Canadian Journal of Chemical Engineering, Vol.96, No.2, 426-433, 2018
ONLINE INCIPIENT FAULT DIAGNOSIS BASED ON KULLBACK-LEIBLER DIVERGENCE AND RECURSIVE PRINCIPLE COMPONENT ANALYSIS
Fault detection and isolation (FDI) methods based on the principal component analysis (PCA) model have achieved a large number of theoretical studies and applications, especially for complex and highly dimensional processes. However, the Hotelling's T-2, that is the most common used statistical distance, can fail in detecting small shifts such as a sensor incipient fault with low fault-to-noise ratio (FNR). Although an incipient fault develops slowly, it cannot be ignored and is necessary to be detected early enough to avoid more serious consequences.

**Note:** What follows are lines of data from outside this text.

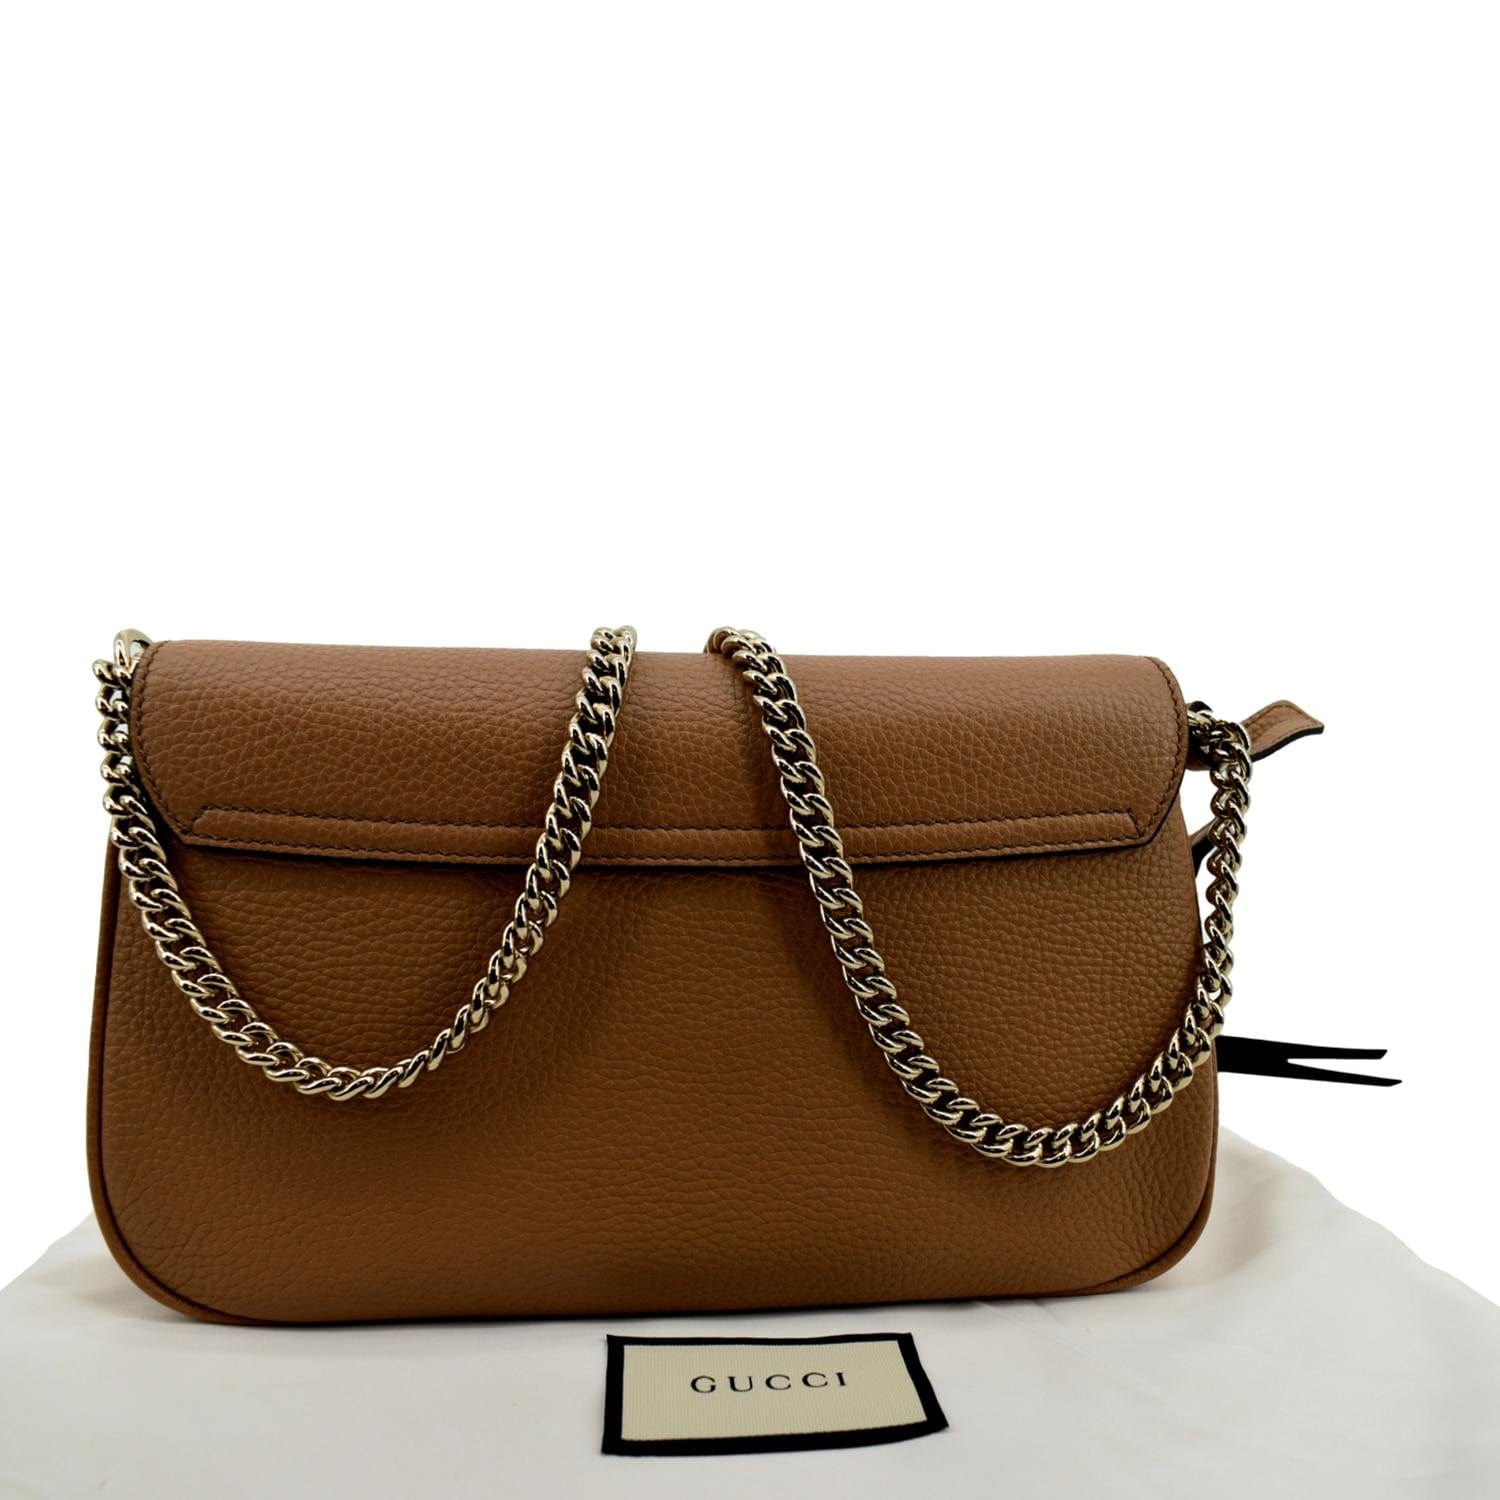 Gucci Soho Chain Flap Leather Crossbody Bag in Brown
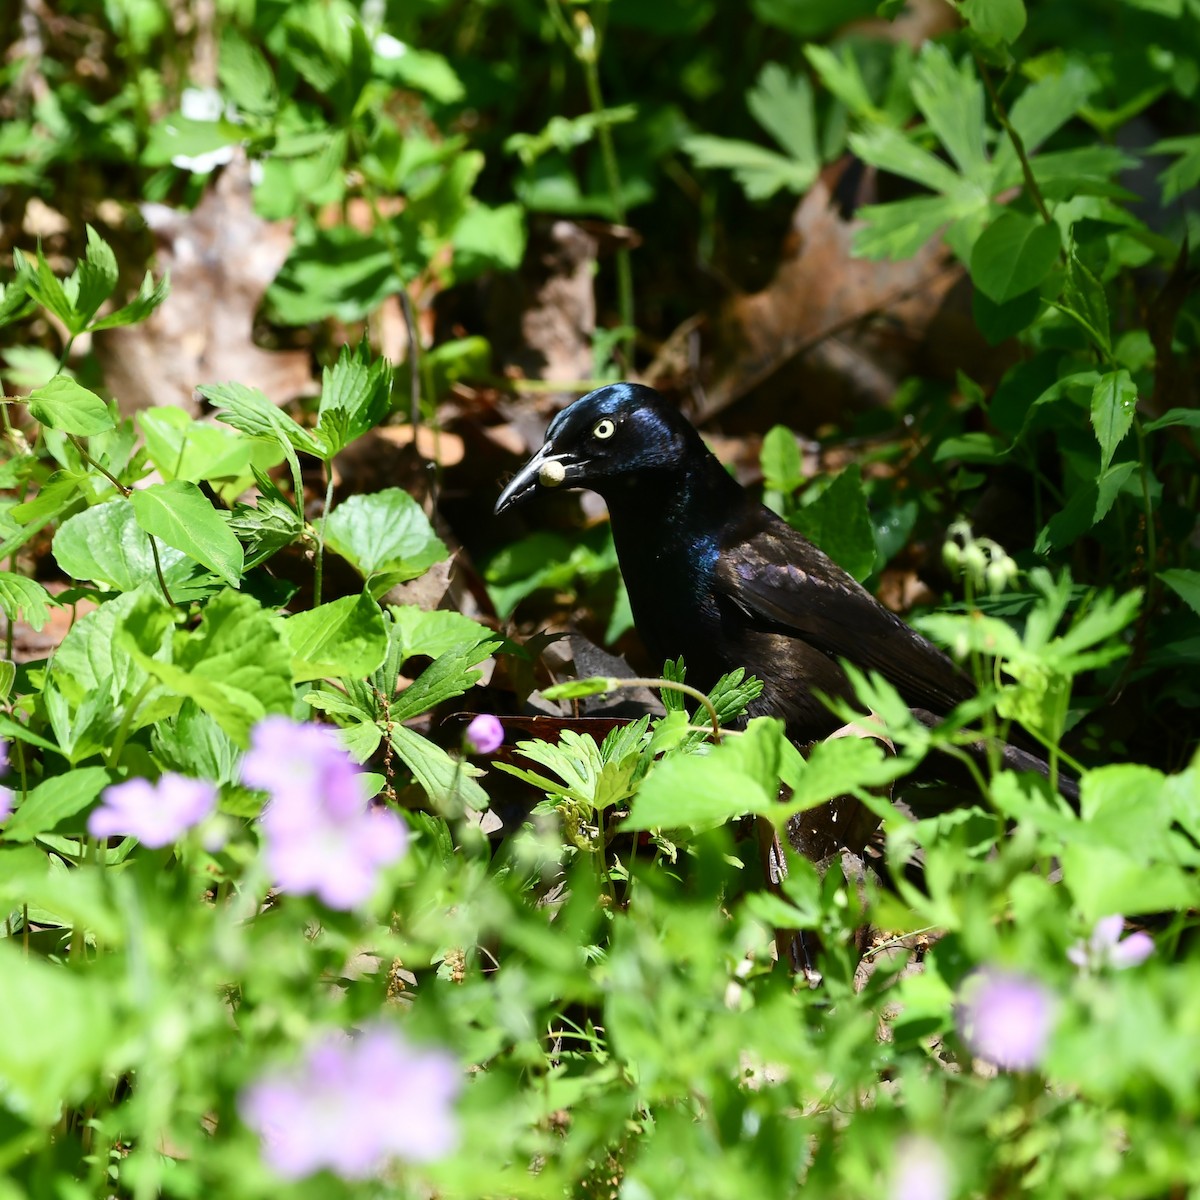 Common Grackle - Kevin Kelly
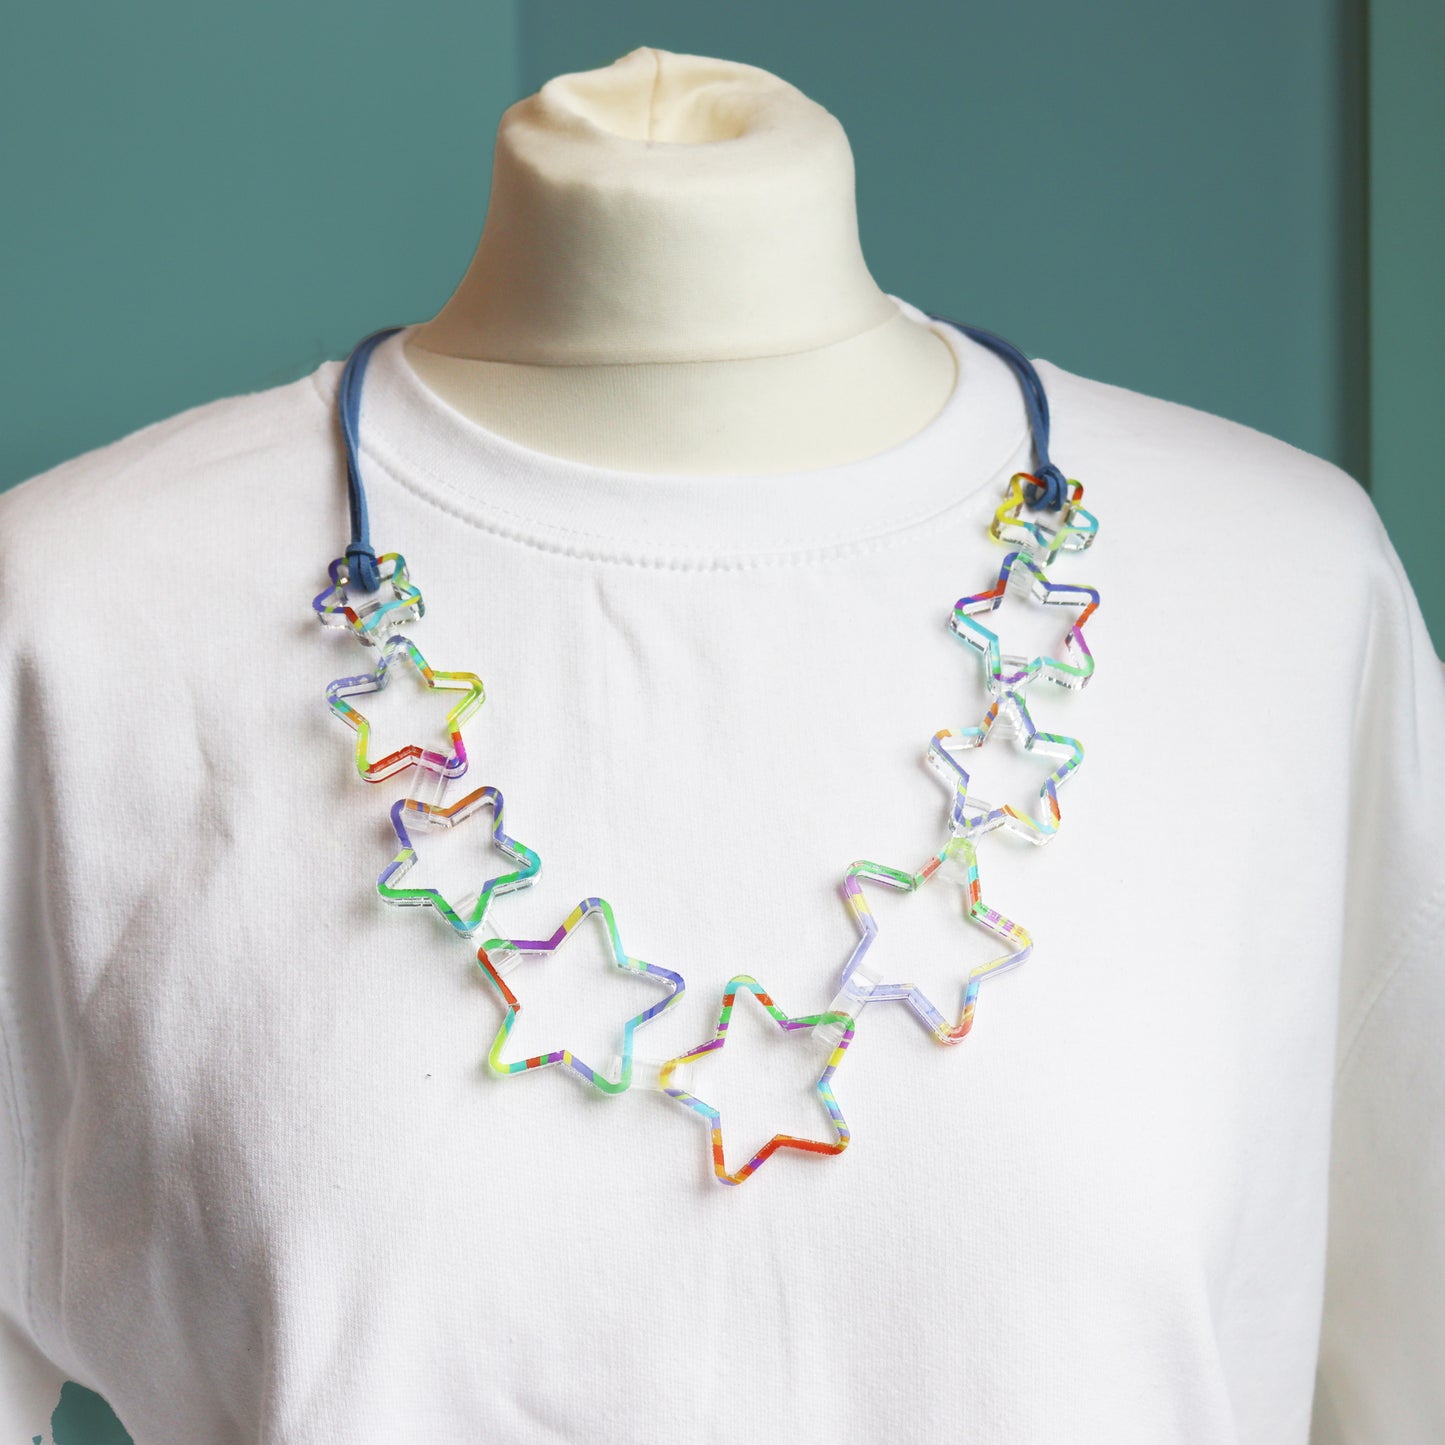 printed star acrylic clear necklace statement fashion jewellery on white jumper

In this study, a realistic online diagnosis method for incipient faults with low FNR is presented. Based on probability distribution measure, the Kullback-Leibler divergence (KLD) is utilized to compare the probability density of each of the latent scores to a reference one. Under the hypothesis of Gaussian distribution, dynamic changes of KLDs are computed via the mean and variance of score vectors, which can be updated online utilizing the recursive principal component analysis (RPCA). From simulations, it is shown that the proposed approach can detect, isolate, and estimate the sensor incipient fault of the multivariate AR system successfully.